SOURCE DATA Start Marker
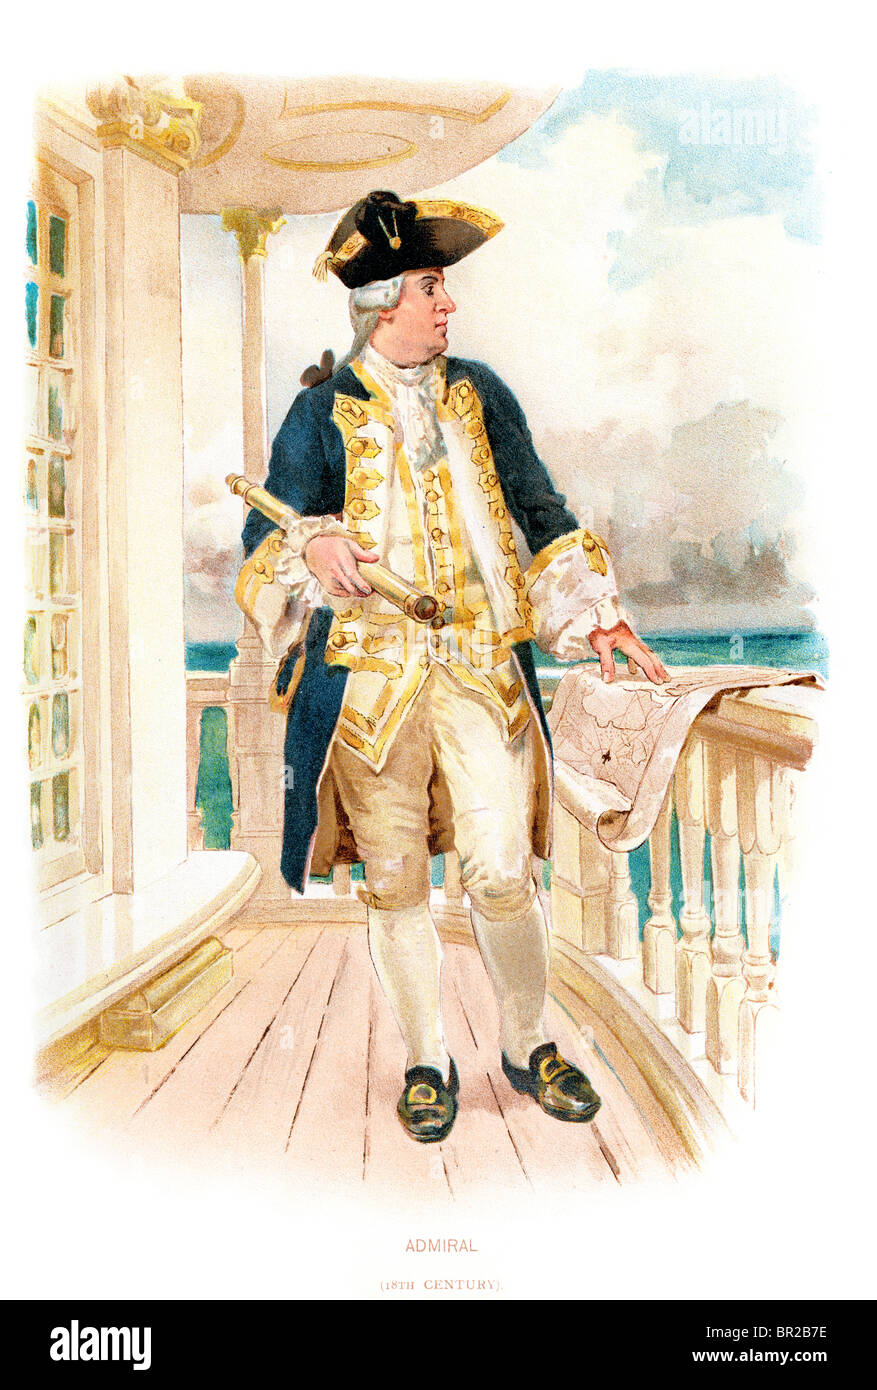 Un amiral de la Marine royale du 18ème siècle. Symons (99) Banque D'Images
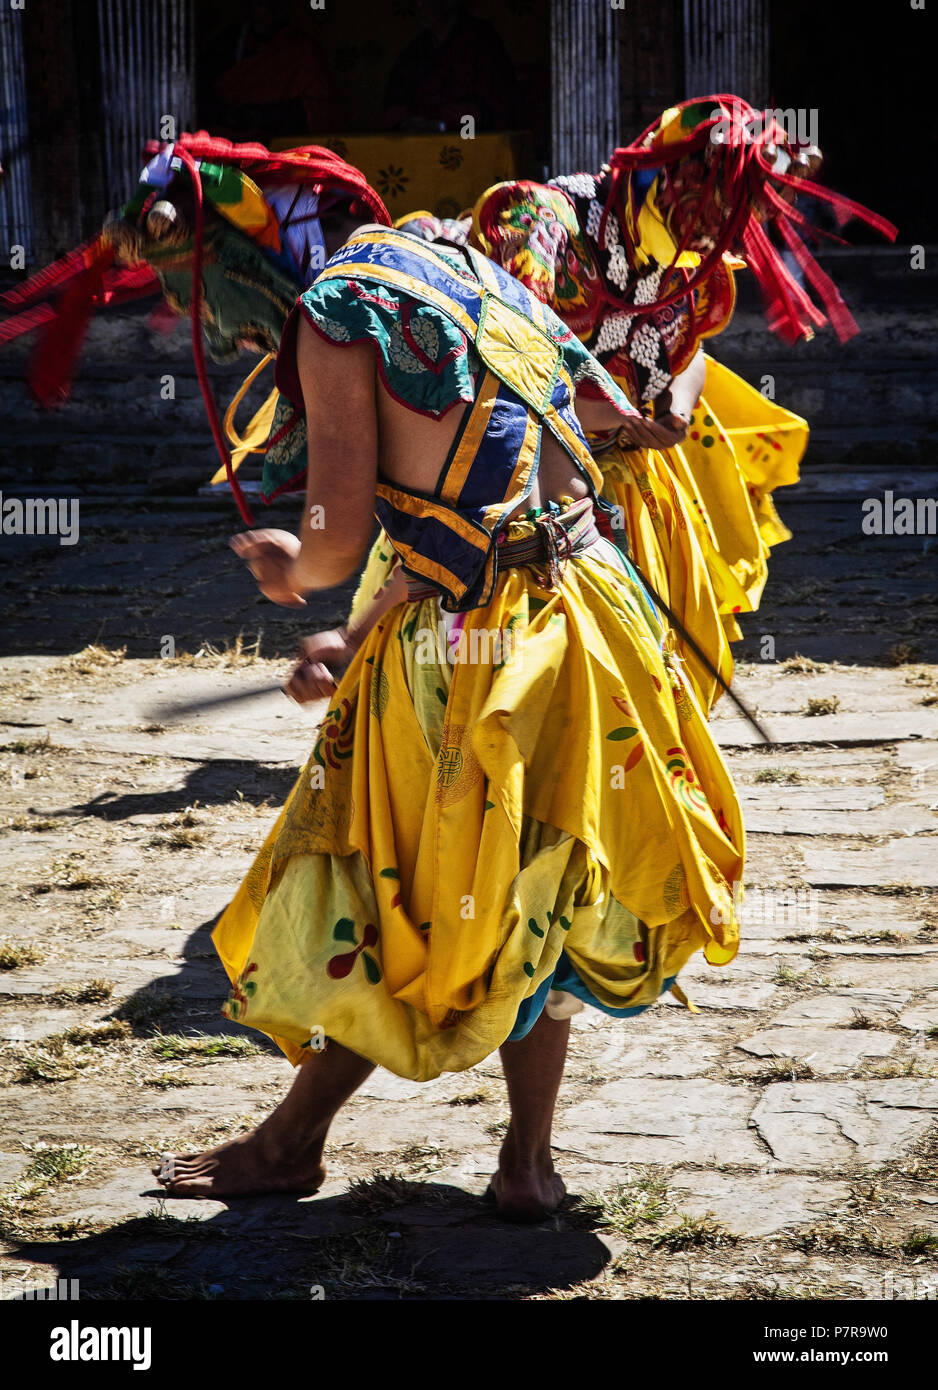 Danseurs en costume d'effectuer une chasse traditionnelle danse dans Jakar, le Bhoutan. Banque D'Images
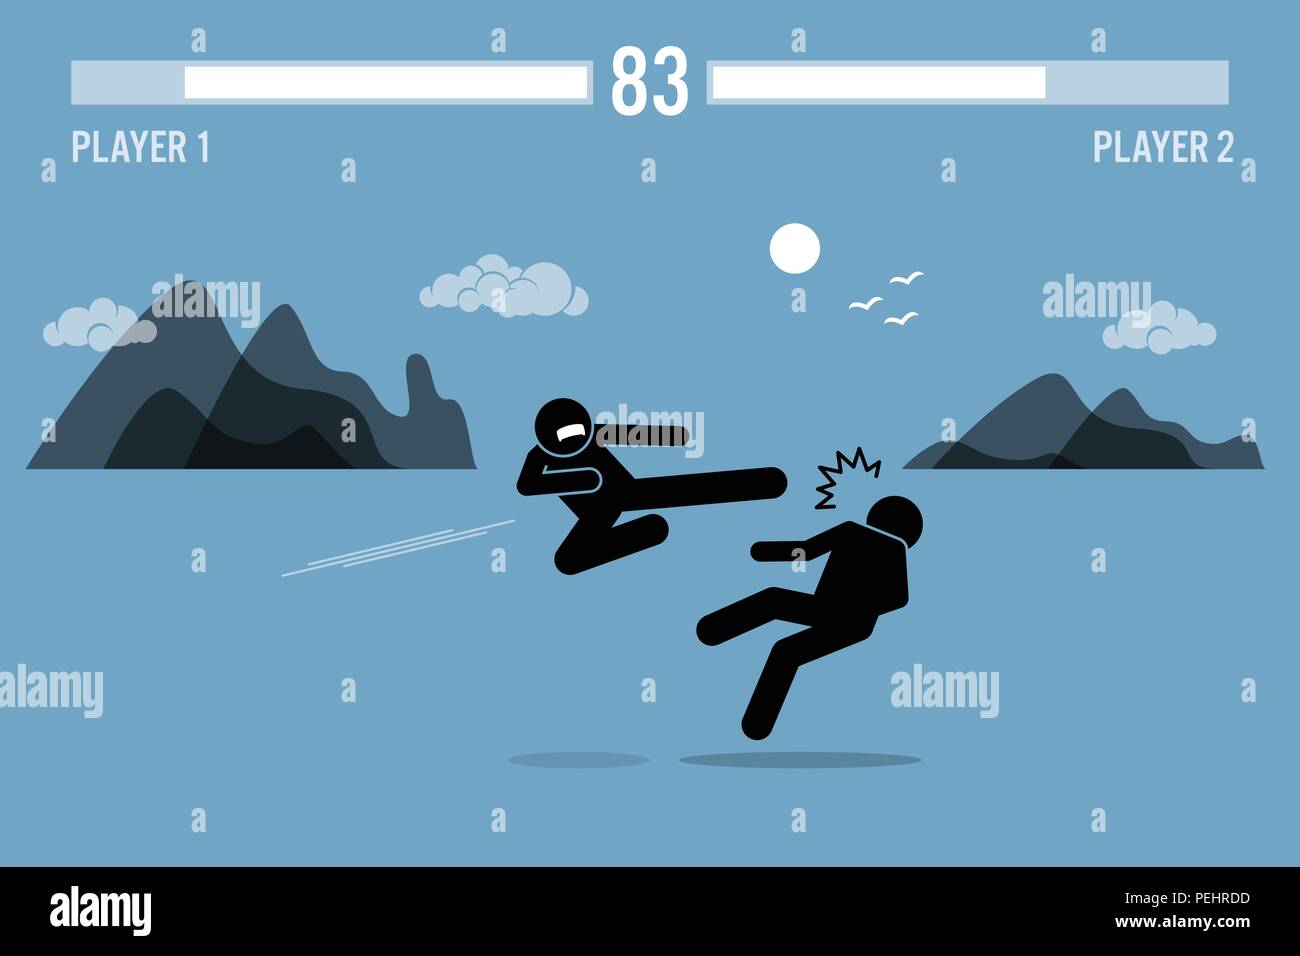 Abbildung fighter Zeichen in einem Videospiel Szene kämpfen mit Gesundheit Balken am oberen Stock. Eine Person ist Fliegen ein anderer Mann treten mit schönen sc Stock Vektor
SOURCE DATA End Marker
§ PROMPT: From the line containing "Danseurs en costume" through the final line of the listing, copy every line exactly and nothing else. Skip the pictures.

§ WRITTEN SOLUTION:
 Danseurs en costume d'effectuer une chasse traditionnelle danse dans Jakar, le Bhoutan. Banque D'Images
 Abbildung fighter Zeichen in einem Videospiel Szene kämpfen mit Gesundheit Balken am oberen Stock. Eine Person ist Fliegen ein anderer Mann treten mit schönen sc Stock Vektor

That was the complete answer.